A 4-mg dose of vaccine was administered as 1 mL by intramuscular injection in the deltoid muscle, using the Biojector 2000 Needle-Free Injection Management System (Bioject). In both groups, the immunization series was a 3-dose priming regimen with an optional single-dose homologous booster. The schedule for the 3-dose priming series was targeted to study days 0, 28, and 56, within permitted windows. Based on results from preclinical immunogenicity data available after the VRC 206 study began, an optional homologous booster dose at week 32 or later was offered to subjects who had completed all 3 injections and remained in clinical follow-up.

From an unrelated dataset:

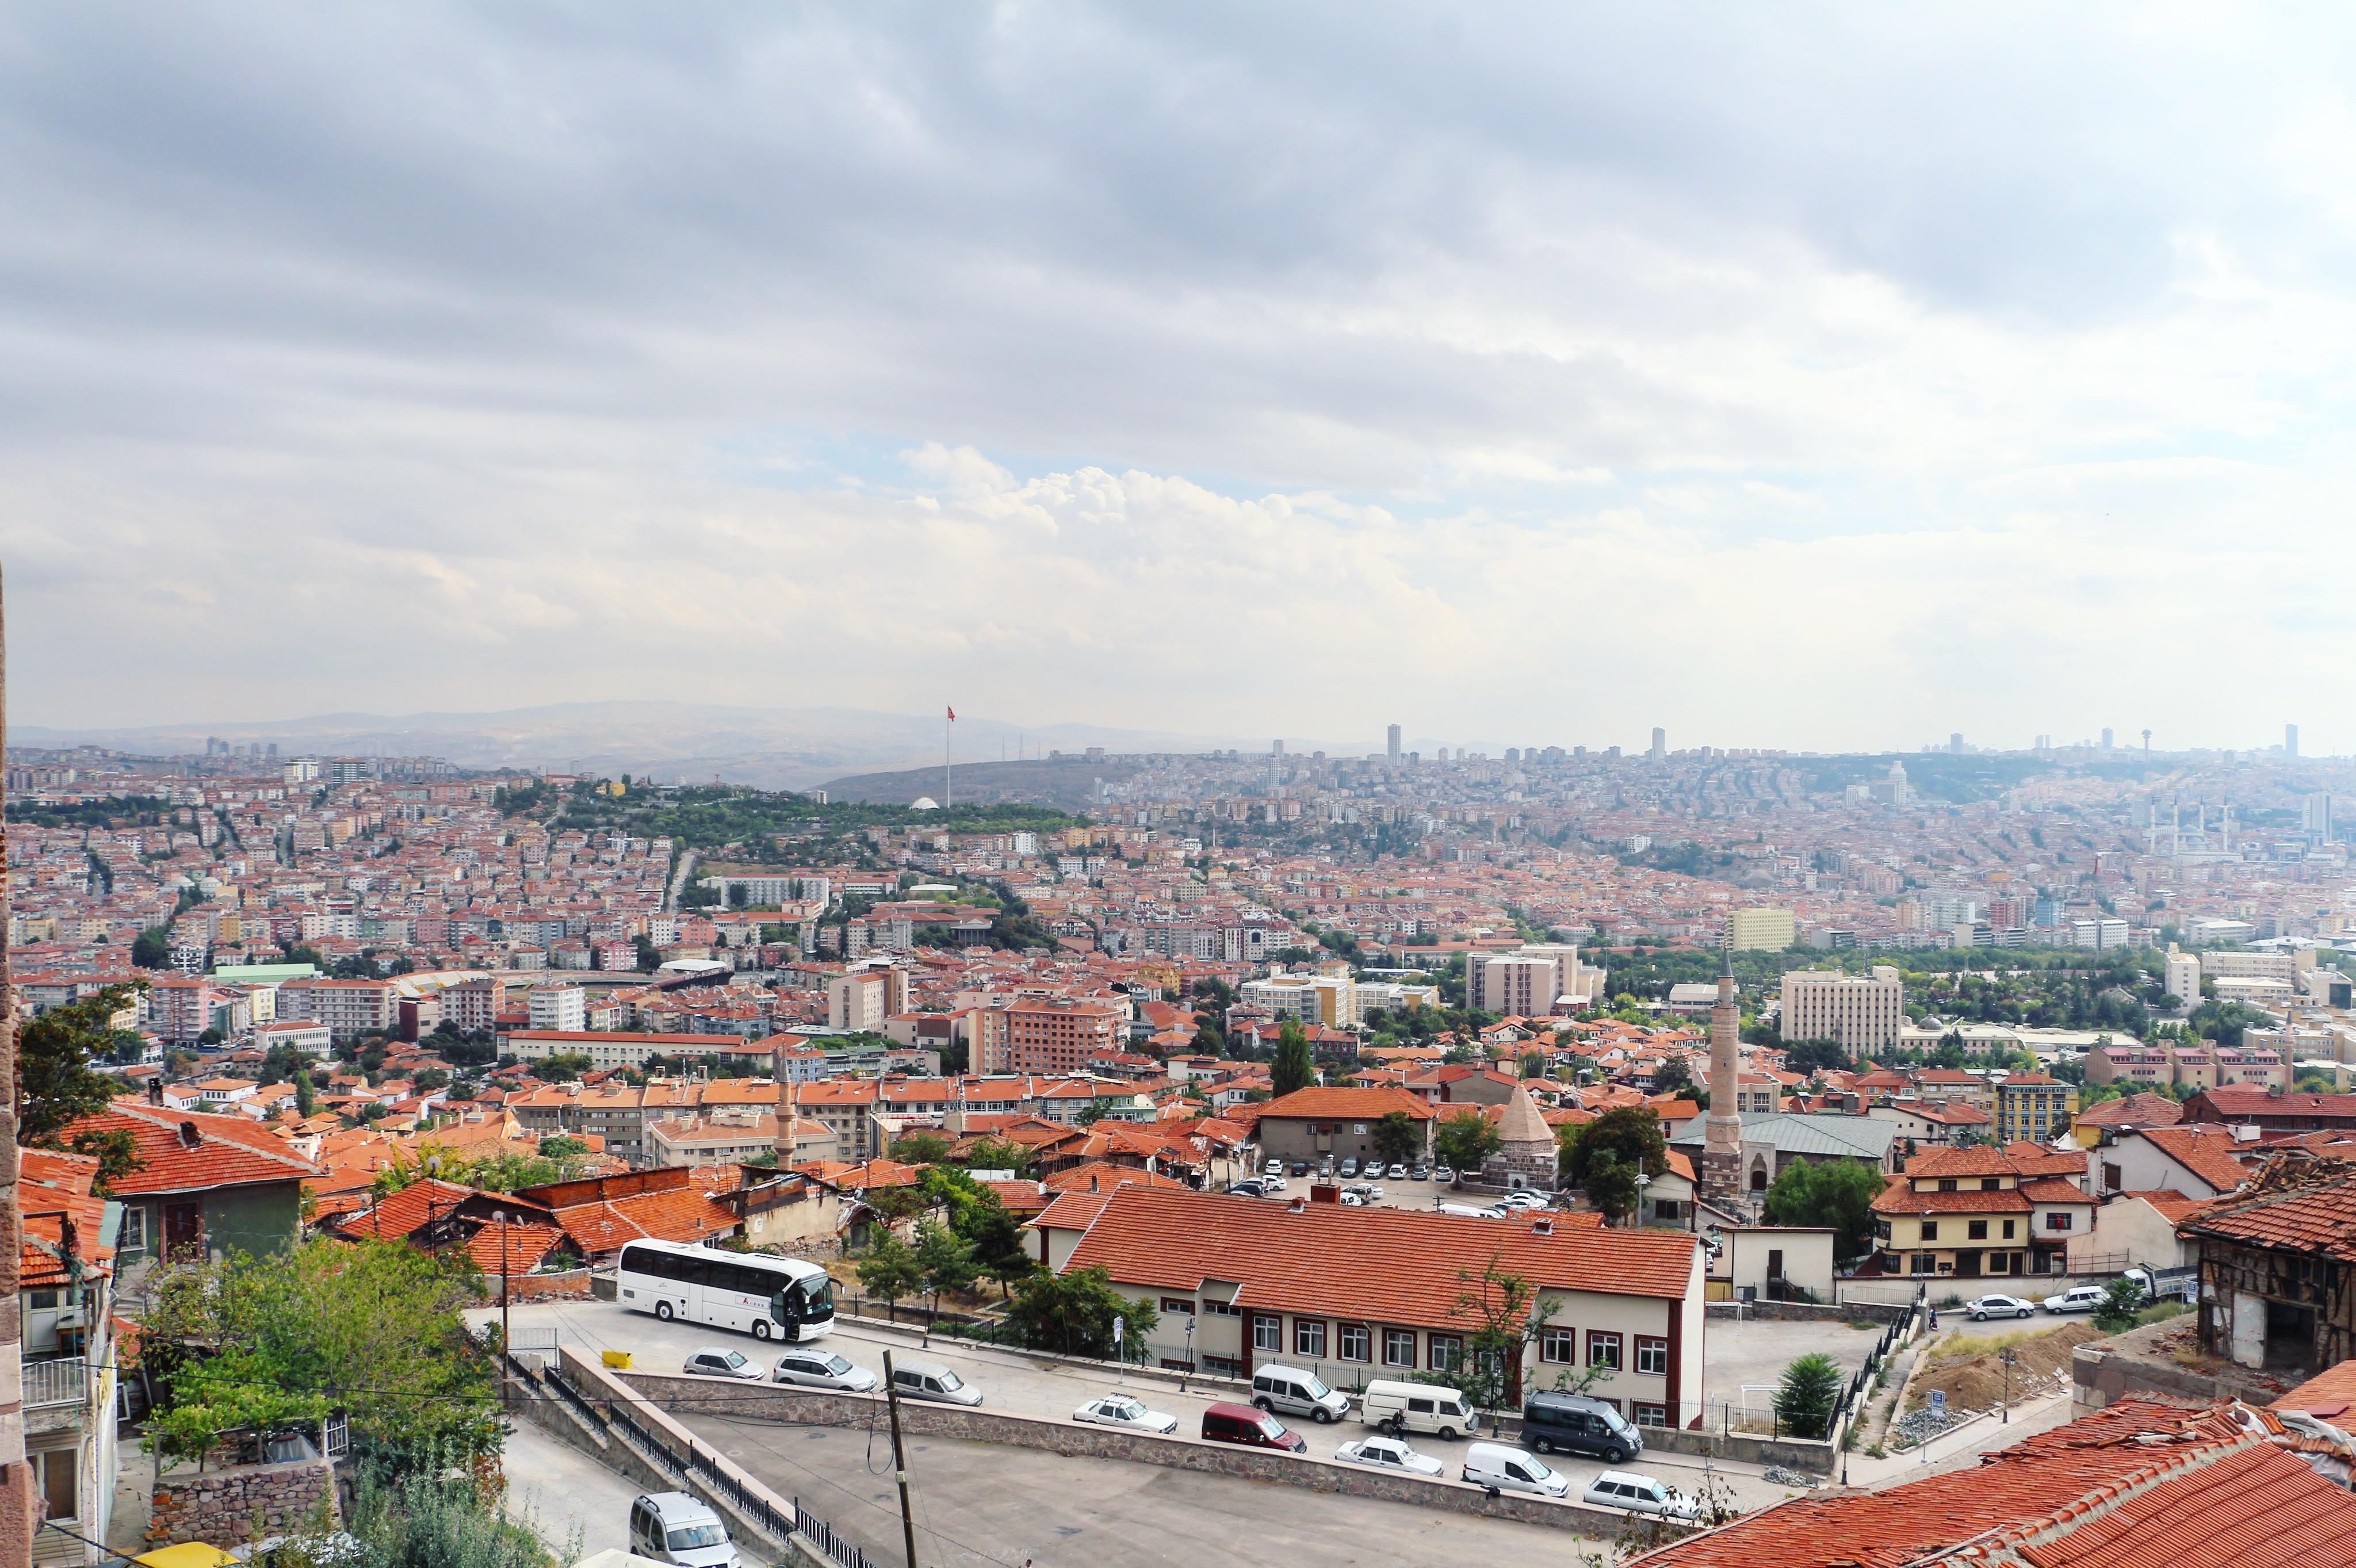 安卡拉古城土耳其首都最古老的区域是土耳其的历史缩影

Laboratory and clinical evaluations were completed at scheduled study visits. Local and systemic reactogenicity was self-reported by subjects using 5-day diary cards after each vaccination. Clinical assessment and laboratory evaluations for creatinine, alanine aminotransferase, complete blood cell count, prothrombin time, and partial thromboplastin time were completed at scheduled study visits. Adverse events were reported for the entire duration of the study, coded using the Medical Dictionary for Regulatory Activities and graded for severity using the Division of AIDS table for grading the severity of adverse events (December 2004) [15] . Subjects were followed up for safety and immunogenicity for 32 weeks or for 12 weeks after receipt of the optional fourth study injection.

Both the EBO plasmid DNA vaccine VRC-EBODNA023-00-VP and the MAR plasmid DNA vaccine VRC-MARDNA025-00-VP were developed by the VRC. The EBO plasmid DNA vaccine was manufactured by the VRC/NIAID Vaccine Pilot Plant, operated by Leidos in Frederick, Maryland, and the MAR plasmid DNA vaccine was produced by Althea Technologies in San Diego, California. Both were manufactured under good manufacturing practice conditions. The MAR vaccine consists of a single, closed, circular plasmid DNA macromolecule (plasmid VRC 6712) designed to express WT GP of the MARV Angola strain (GenBank accession No. DQ447653). The EBO vaccine is composed of 2 plasmids combined in equal concentrations (milligrams per milliliter) in which the amino acid sequences for the GP antigens expressed are identical to WT GP of Ebolavirus. These plasmids are VRC 6611, which expresses the GP gene from the SUDV strain (GenBank accession No. U28134) and VRC 6614, which expresses the GP gene from the EBOV strain (GenBank accession No. U23187). The WT GP inserts were codon modified to optimize antigen expression in human cells [16] . The plasmids in both vaccines are incapable of replication in human cells.

The VRC constructed plasmids containing complementary DNAs used to subclone the WT GP gene inserts into the CMV/R [12] plasmid DNA expression vector [17] . This CMV/R expression vector has been tested in previous clinical trials of DNA plasmid vaccines for human immunodeficiency virus, West Nile virus, severe acute respiratory syndrome, and avian influenza conducted by the VRC [12, [18] [19] [20] [21] .

The DNA plasmids were produced in master cell banks using plasmid DNA to transform commercially available strains of Escherichia coli and produce large-volume cultures yielding mass quantities of plasmid DNA. Bacterial cell growth was dependent on the cellular expression of kanamycin resistance protein encoded in the plasmid DNA. After the growth of bacterial cells, the bulk plasmid drug substances were filtered and formulated in phosphate-buffered saline as a sterile liquid injectable dosage form for intramuscular injection.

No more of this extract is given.